У него всегда был наметанный глаз, изысканный вкус и размах во всем, что касалось выбора женской одежды. Размер, фасон, качество ткани, цвет, покрой — он никогда и ни в чем не ошибался. В другой руке он нес большую картонку, в которую упаковали платок для матери, пояс для тещи, симпатичный шарфик для Оделии Кранц, ночную сорочку для Анны-Мари и шесть дорогих шелковых носовых платков для Ральфа. Еще один пакет, перевязанный ленточкой, заключал в себе свитер спокойных тонов, прощальный подарок для Ципи. Ведь нельзя же просто так исчезнуть после стольких лет. Но с другой стороны, почему нет? Почему бы не ускользнуть, не оставив следов?
XL
Нета сказала:
— Ты ненормальный. Я это в жизни не надену. Может, отдашь домработнице? У нее мой размер. Или я сама отдам.
— Ладно, — ответил Иоэль. — Как хочешь. Только сначала примерь.
Нета вышла и вернулась в новом платье, которое, словно по мановению волшебной палочки, превратило худобу в стройность, изящество.
— Скажи, ты в самом деле хочешь, чтобы я носила это, но не решился попросить?
— Почему же «не решился»? — улыбнулся Иоэль. — Я же сам выбрал его для тебя.
— Что у тебя с коленом?
— Ничего. Просто ударился.
— Покажешь мне?
— Зачем?
— Может, перевяжем?
— Пустяки. Оставь. Пройдет.
Она исчезла и спустя пять минут вернулась в гостиную в старом наряде. Шли недели она не надевала платье, делающее ее сексуально привлекательной. Но и домработнице, как было намеревалась, не отдала. В отсутствие дочери Иоэль иногда проскальзывал в комнату с двуспальной кроватью и убеждался, что платье все еще висит в шкафу, дожидаясь своего часа. Он расценил это как относительный успех. Однажды вечером Нета дала ему сборник Яира Гурвица, и внимание его зацепило стихотворение «Ответственность» на странице сорок седьмой. Он сказал дочери:
— Это красиво. Даже притом, что я не уверен, вполне ли уловил замысел поэта.

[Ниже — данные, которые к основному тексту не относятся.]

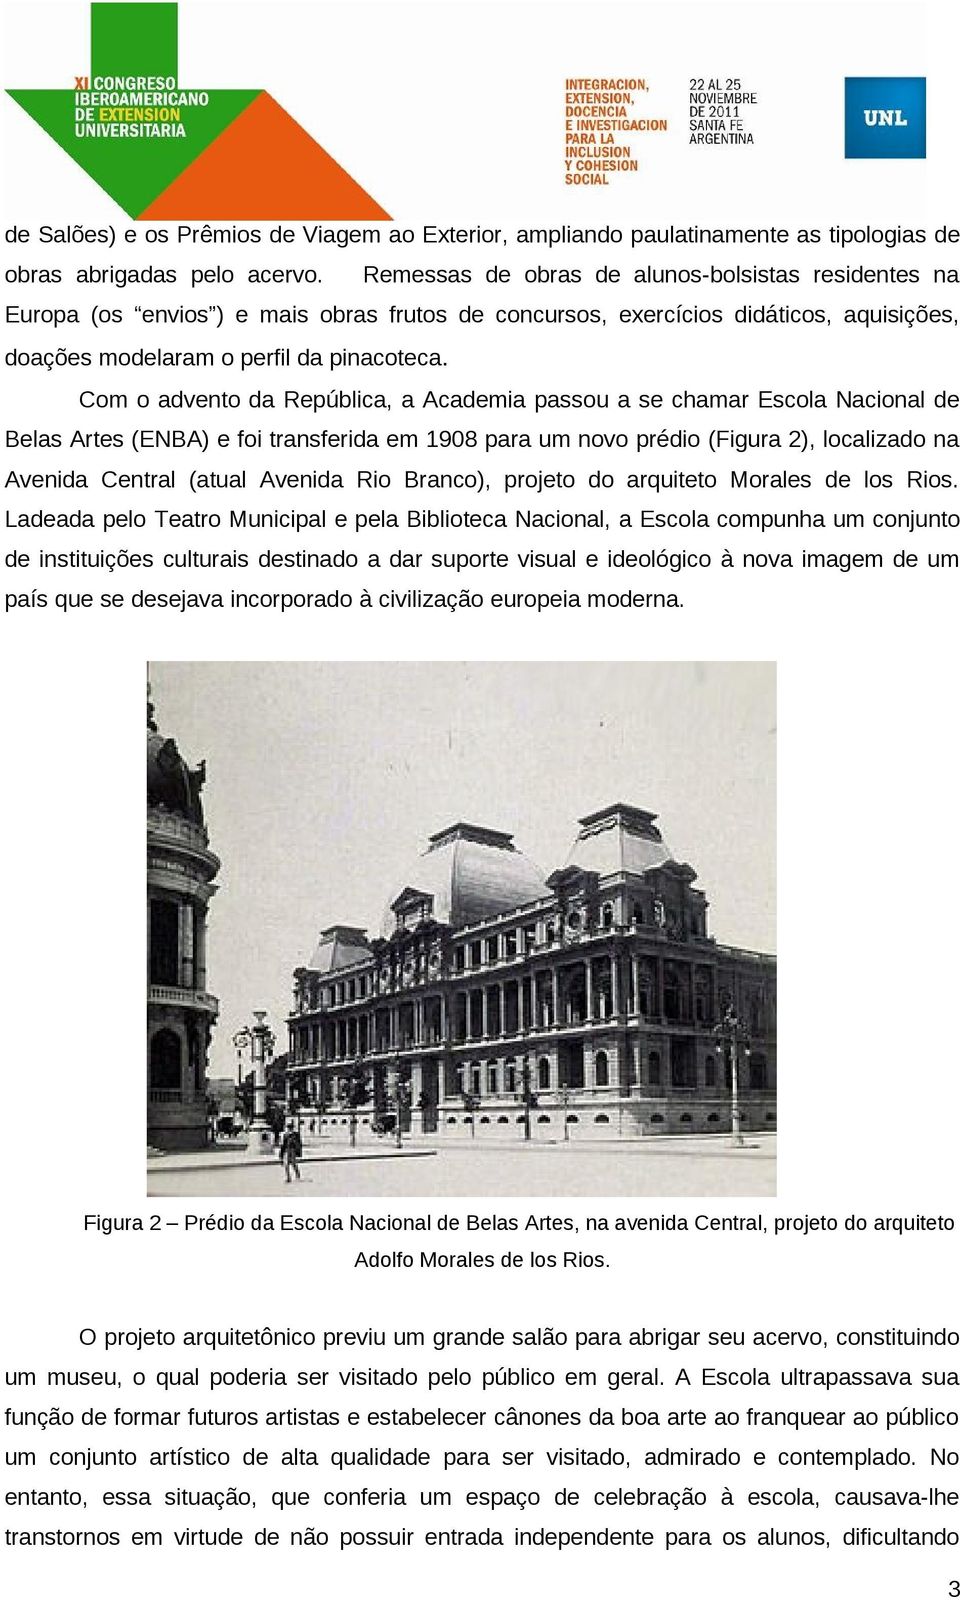 Com o advento da República, a Academia passou a se chamar Escola Nacional de Belas Artes (ENBA) e foi transferida em 1908 para um novo prédio (Figura 2), localizado na Avenida Central (atual Avenida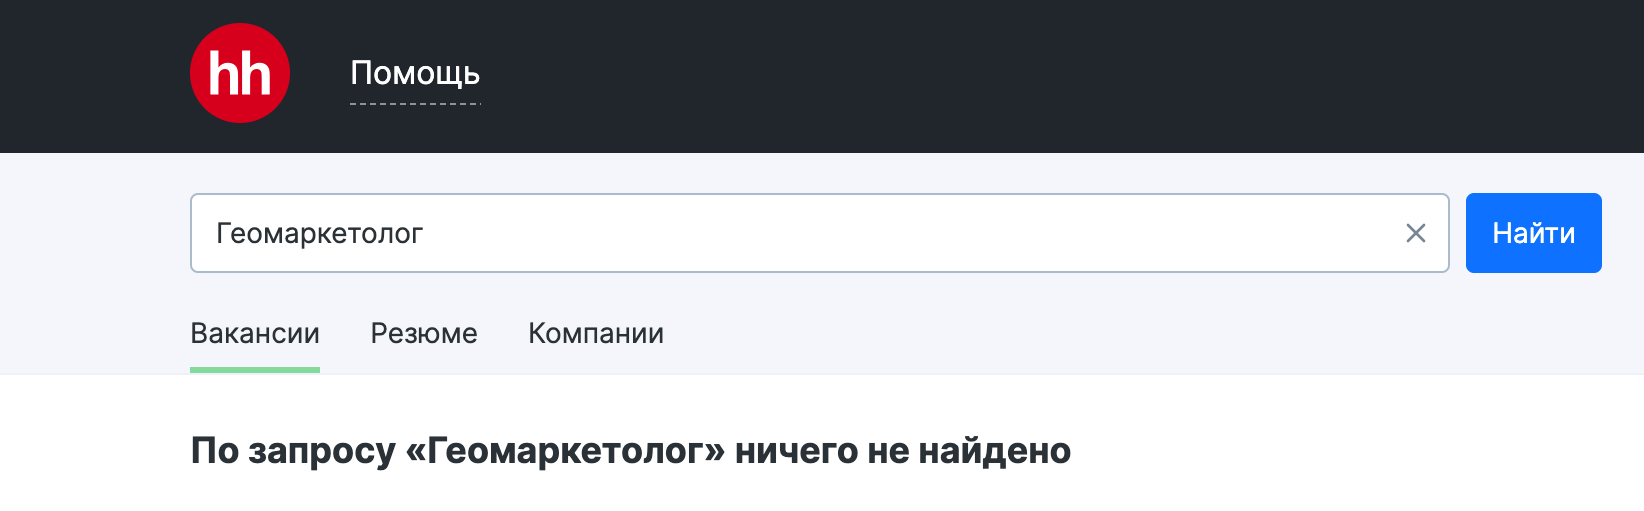 По поиску на hh.ru не найдено ни одной вакансии

В Тель-Авив он больше не ездил. Ни разу до окончания той зимы. Иногда ночью на какое-то время замирал там, где переулок подходил к ограде цитрусовой плантации, стоял, вдыхая запах мокрой земли и обремененных листвой деревьев, и смотрел на огненный нимб, дрожащий над городом. Этот нимб становился то сияюще-голубым, то оранжевым или лимонным, то пурпурным, а случалось, он обретал — так казалось Иоэлю — какой-то болезненно-ядовитый оттенок, словно что-то горело на химических предприятиях.
Прекратил он и ночные поездки к отрогам Кармеля, к монастырю «молчальников» в Латруне, на приморскую равнину, в горы возле Рош-ха-Аин. Не вступал в ночные беседы с арабами, заправлявшими автомобиль на бензоколонках, не сбавлял скорость, проезжая мимо придорожных проституток. И в сарай с садовыми инструментами не заглядывал, даже в самые темные ночи. Зато через каждые три-четыре дня он оказывался у дверей соседней квартиры, причем в последнее время прихватывал с собой бутылку виски или дорогого ликера. Домой всегда старался вернуться до рассвета. Не раз случалось ему помочь разносчику газет: он забирал газету прямо из рук пожилого уроженца Болгарии через открытое окно старенькой «суситы», и тому не нужно было останавливаться, выключать двигатель, выходить из машины к почтовому ящику. Не однажды Ральф говорил Иоэлю:
— Мы тебя не торопим. Не нужно спешить. Но Иоэль пожимал плечами и молчал.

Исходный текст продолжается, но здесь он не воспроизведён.